Prof. Tiedo Tinga leads a research programme on smart maintenance at the Netherlands Defence Academy in Den Helder, which is also his main field of research at the University of Twente. He explains why a collaboration between the university and the Ministry is valuable: “The Ministry gains access to research into smart maintenance, asset management, logistics, and data science, among others. At the same time, we carry what we learn through this collaboration in our research and work with industry.”
Just-in-time maintenance
With increases in defence budgets, there is now more room to invest in long-term research. One such area is smart maintenance, which is estimated to reduce the planned and unplanned downtime of systems by 20-30%.
Traditionally, maintenance is scheduled at fixed intervals, regardless of whether a system needs it. This often leads to unnecessary replacements — or costly, unexpected breakdowns. For example, when a ship is stranded at sea due to an engine failure, it requires towing and logistical support in addition to the repair costs.
“What my research group does,” Tinga explains, “is to understand why a system fails and the physics behind that failure. If we understand that, we can predict when a failure will happen — and we can provide maintenance just before it occurs.” This technique, known as just-in-time maintenance, ensures that repairs are done when needed — neither too early nor too late. Whether it is the hull of a navy ship, the engine of an aircraft, or a wind turbine, the principles are the same: materials degrade, and the system fails. “Scientifically, it is all the same.”
Unpredictability
For military systems, smart maintenance is even more critical. “You don’t want a system failure during a mission — people's lives are at risk.” Just-in-time maintenance for military systems is more challenging due to unpredictable operating conditions. A ship sailing through the North Sea faces very different environmental stresses than one in the Persian Gulf. Besides, the effects of those conditions are not accounted for in a standard maintenance schedule.
“With a train, you know the routes and schedules months in advance, so the conditions are more predictable and constant,” Tinga says. “The variability is much bigger for military applications, which means we need more advanced maintenance policies.”

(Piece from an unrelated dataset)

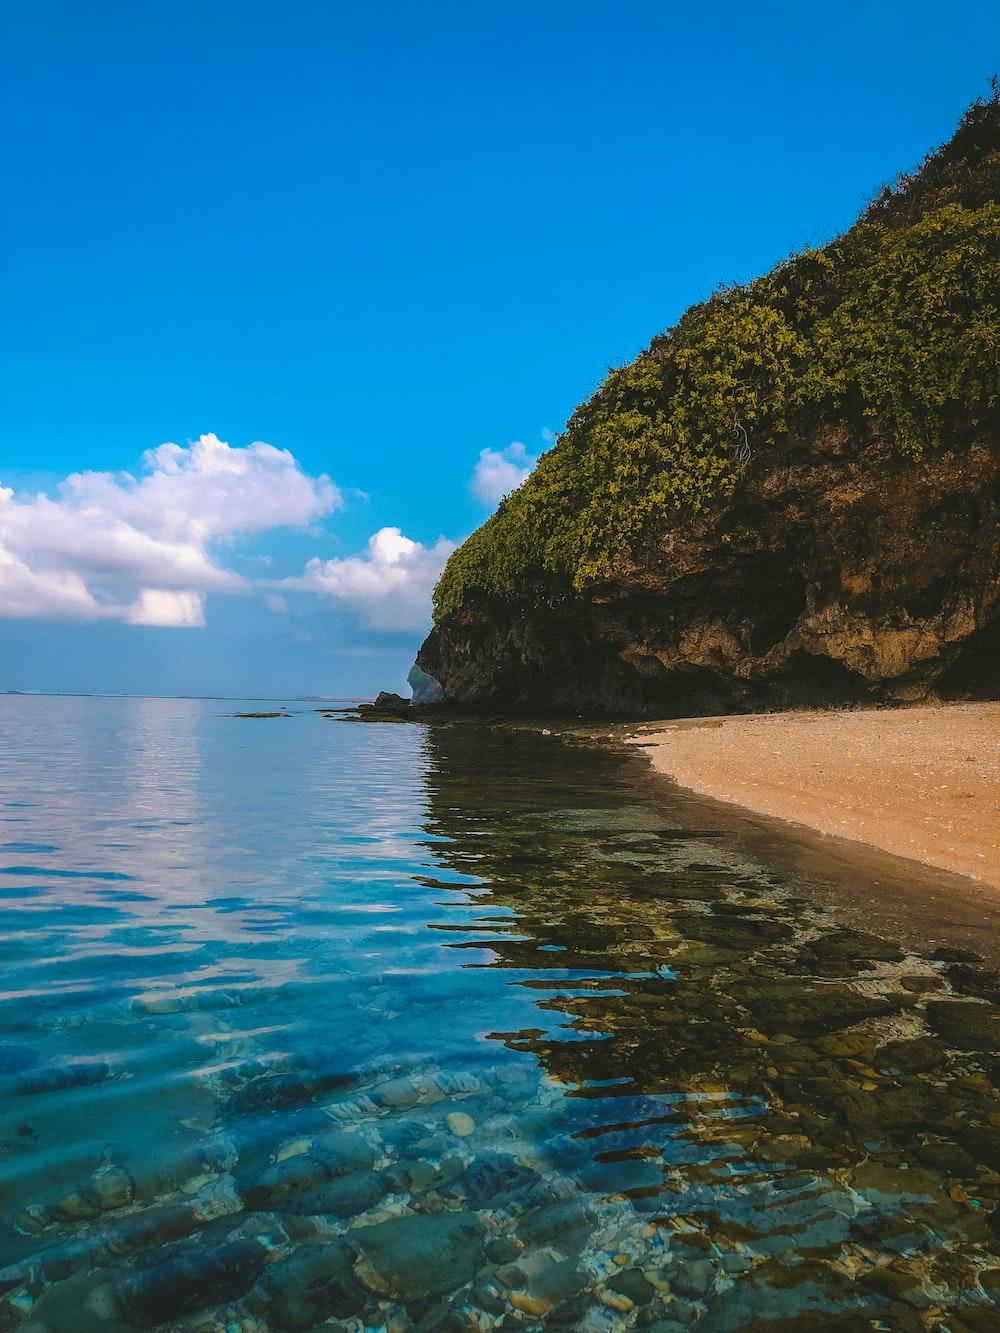 island and sea under blue sky

Condition monitoring and predictive modelling
To account for these unpredictable factors, Tinga’s research group uses condition monitoring and predictive modelling. Condition monitoring involves continuously measuring the condition of the system with sensors. For example, if a structural part is prone to cracking, a sensor measures the crack length over time. When the crack reaches a predefined threshold — for example, two centimetres — the system triggers maintenance.
In addition, numerical models can calculate damage progression over time and estimate the remaining lifespan of a component. The model can calculate how long it will take before a crack reaches a critical size. This way, repairs can be scheduled well in advance.
Hybrid approach
Despite the progress in just-in-time maintenance, there are still challenges. A ship, for example, is a complex system with various subsystems and components made from different materials. Building precise models for every part isn’t feasible.
Meanwhile, the abundance of available data presents another challenge: how to combine the data with existing knowledge of material degradation and failure. Machine learning and AI algorithms can help, but a fully data-driven approach is impractical.
Tinga explains: “To train a machine learning model to predict a system failure, you need many examples. But because we do maintenance to prevent failures, we rarely see them. I don't believe a fully data-driven approach will ever work in our field. We have too little data to train the models. A hybrid approach combining domain knowledge and physical laws about materials and degradation makes accurate predictions with far less data.”